CDS Lunch Seminar - OutPredict: multiple datasets can improve prediction of expression and inference of causality

Speaker: Jacopo Cirrone

Location: On-Line

Date: Wednesday, October 20, 2021

The Systems Biology community has invested a great deal of effort in modeling gene regulatory networks that should be able to (i) accurately predict future states and (ii) identify regulatory hubs that can be manipulated to achieve desired phenotypes. Most computational tools for the problem embody linear models (e.g. 5 * TF1 + 2*TF2 - 0.4*TF3....). However, it is well known that biological interactions are highly synergistic and non-linear. Further, those tools mostly try to directly predict networks even when the discovered edges (which usually come from some assay such as Chip-seq) may have little physiological significance (e.g., may not influence gene expression).This work considers an alternative approach to inferring gene causality. Specifically, we consider the problem of predicting the expression of genes at a future time point in a genomic time series.

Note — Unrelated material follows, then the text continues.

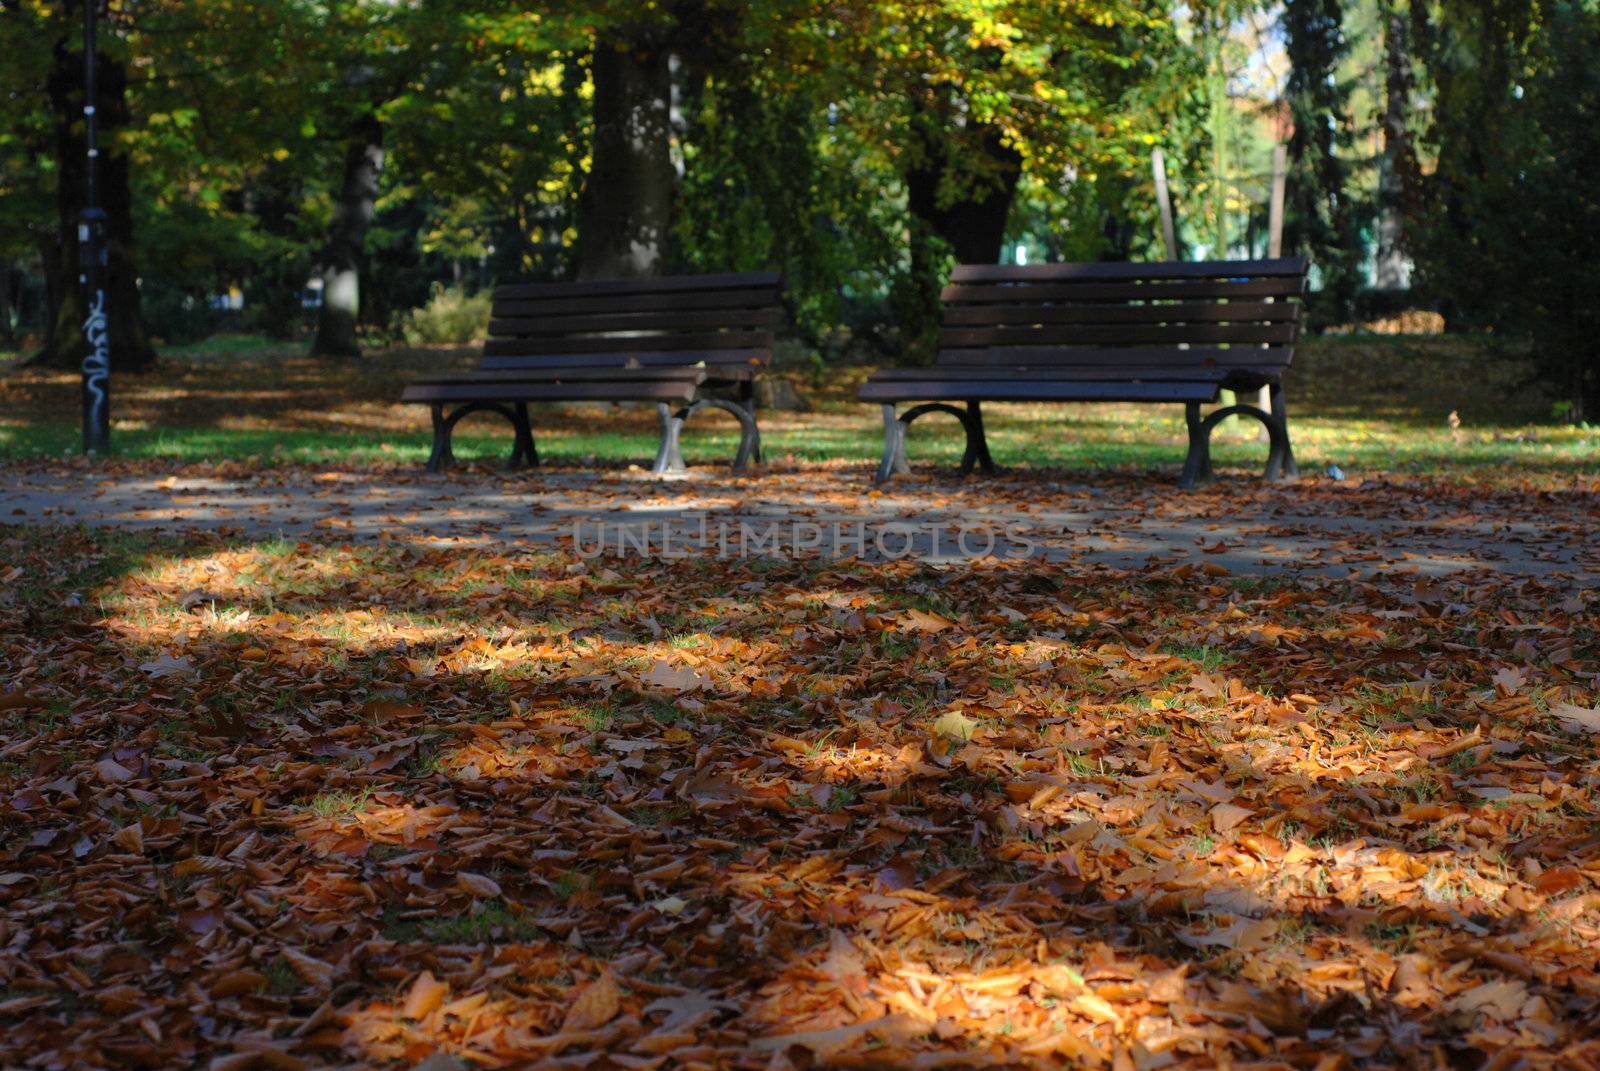 Benches in the park, Autumn season. by wojciechkozlowski

In this, we follow the philosophy that accurate prediction often corresponds to a good understanding of causality.
The prediction may rest on several sources of data: the time point immediately preceding t, the entire target time series preceding t, and ancillary data. In biology, for example, the ancillary data may consist of a network based on binding data, data from different time series, steady state data, a community-blessed gold standard network, or some combination of those. We introduce OutPredict, which is a machine learning method for time series that incorporates ancillary steady state and network data to achieve a low error in gene expression prediction. We show that OutPredict outperforms several of the best state-of-the-art methods for prediction. The predictive models OutPredict in turn generate a causal network.Thus, this work presents an approach to the inference of causality based on predictions of out-of-sample time-points based on both steady state and time series data. Because the model for each gene identifies those transcription factors that have the most importance in prediction, those important transcription factors are the most likely causal elements for that gene. We validate those predictions for a set of well-documented transcription factors in Arabidopsis.
Because our methods apply to any situation in which there is time series data, ancillary data, and the need for non-linear causal models, we believe that this work will have a broad appeal to the scientific community, specifically those studying causality networks in any biological system.